Several years ago, a reading group I was in read about the Flux OSKit Project, which aimed to provide a modular basis for operating systems. One of the topics of discussion was the possibility of, and possible benefits of, an application-specific OS. (For example, the fearful spectre of EmacsOS was raised.)

Today, I ran across "Turning down the LAMP: Software specialization for the cloud", which actually makes a pretty strong case for the idea on a virtual machine infrastructure,

...We instead view the cloud as a stable hardware platform, and present a programming framework which permits applications to be constructed to run directly on top of it without intervening software layers. Our prototype (dubbed Mirage) is unashamedly academic; it extends the Objective Caml language with storage extensions and a custom run-time to emit binaries that execute as a guest operating system under Xen. Mirage applications exhibit significant performance speedups for I/O and memory handling versus the same code running under Linux/Xen.

As one example,

Frameworks which currently use (for example) fork(2) on a host to spawn processes would benefit from using cloud management APIs to request resources and eliminate the distinction between cores and hosts.
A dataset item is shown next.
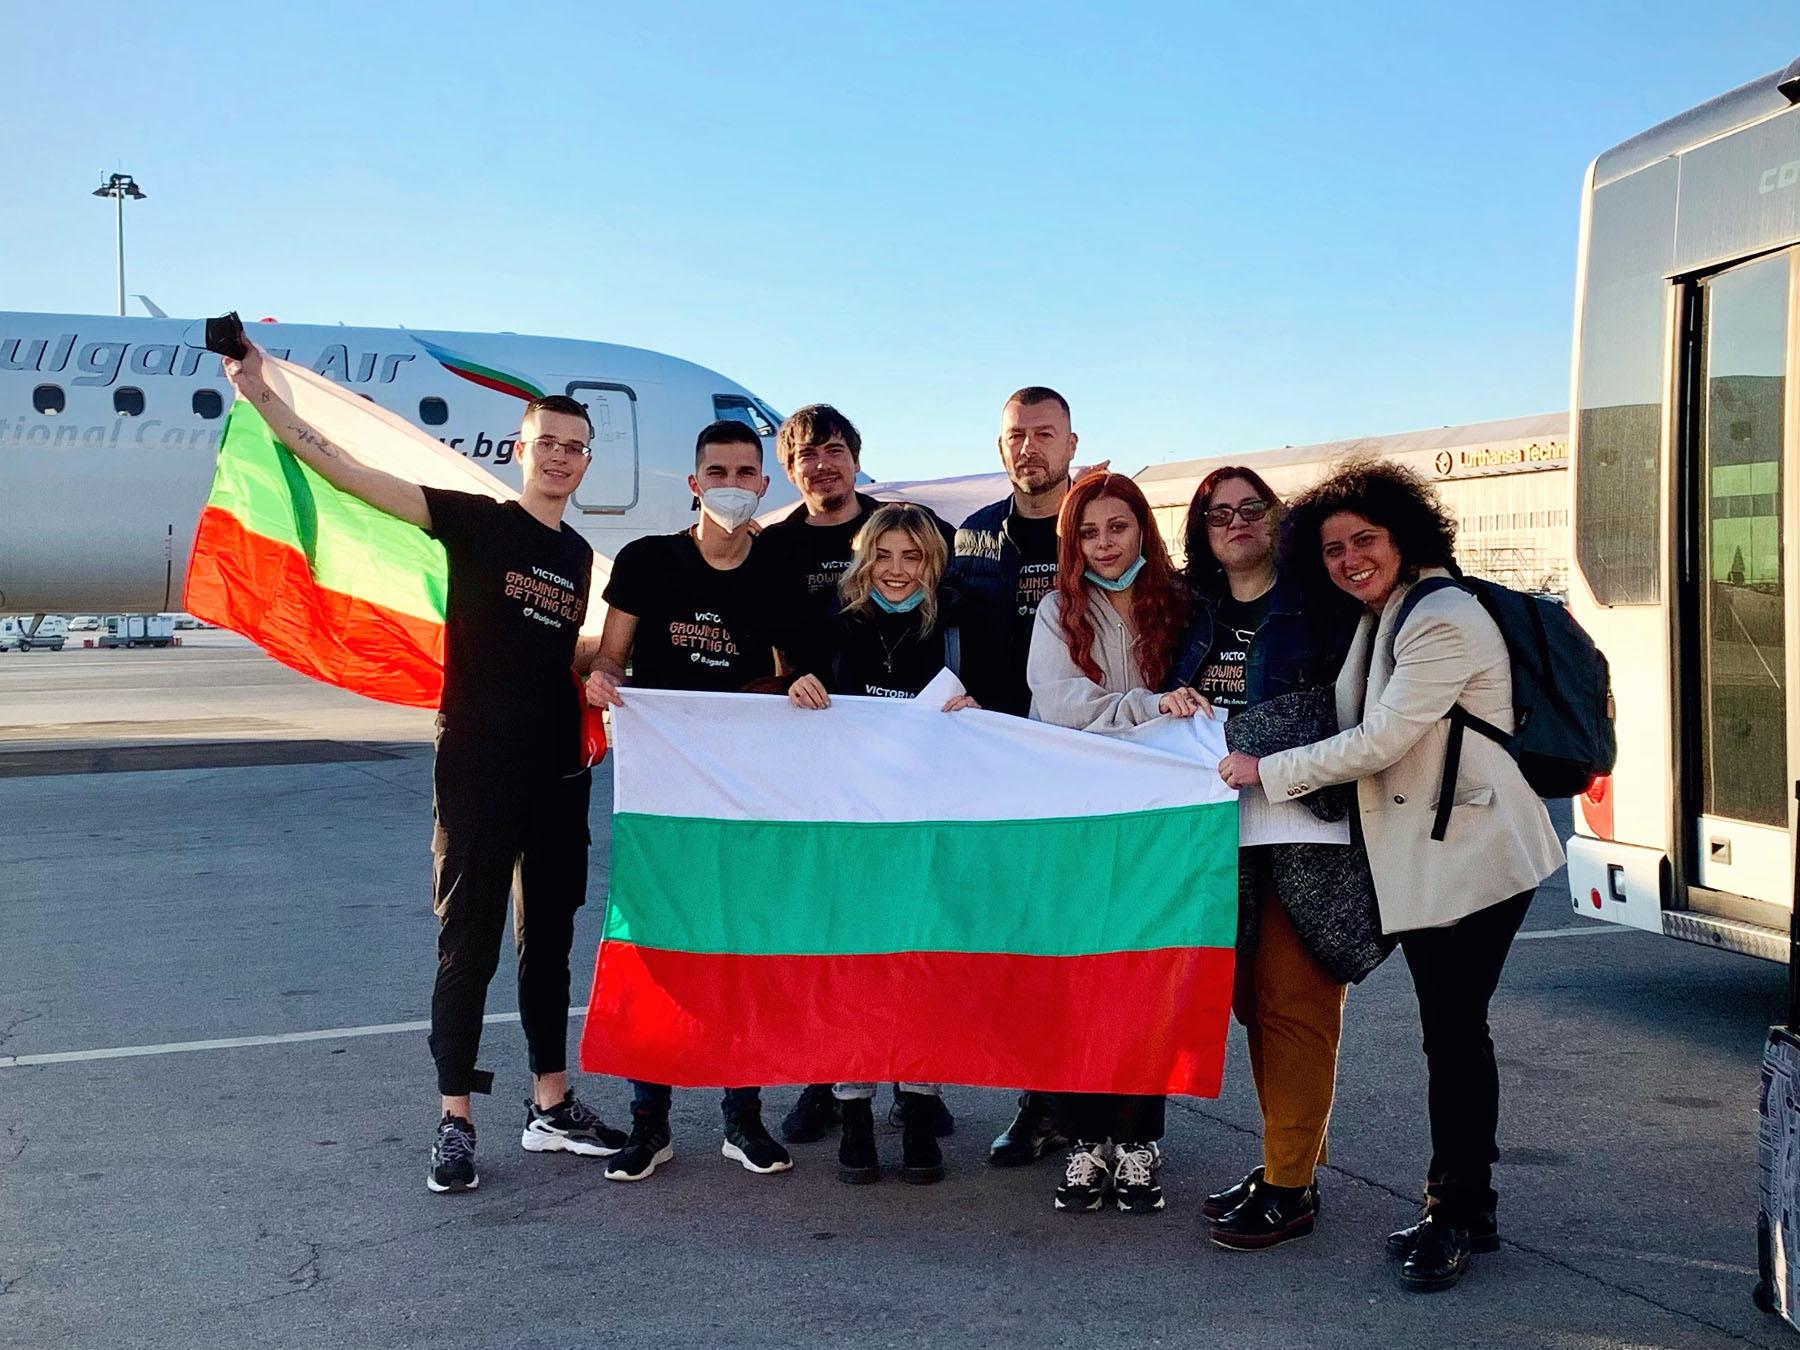 Виктория пристигна в Ротердам за Евровизия 2021 27

On the other hand, I suspect that this "unashamedly academic" idea may already be advancing into the commercial arena, if I am correctly reading between the lines of the VMware vFabric tc ServerTM marketing material.

Comment viewing options

Select your preferred way to display the comments and click "Save settings" to activate your changes.

Language-driven OSes

Jonathan Edwards wrote a story on his blog not too long ago about how his distributed, fault-tolerant transaction management platform for money transfers baked the object persistence into the kernel, effectively making the DBMS the OS's file system.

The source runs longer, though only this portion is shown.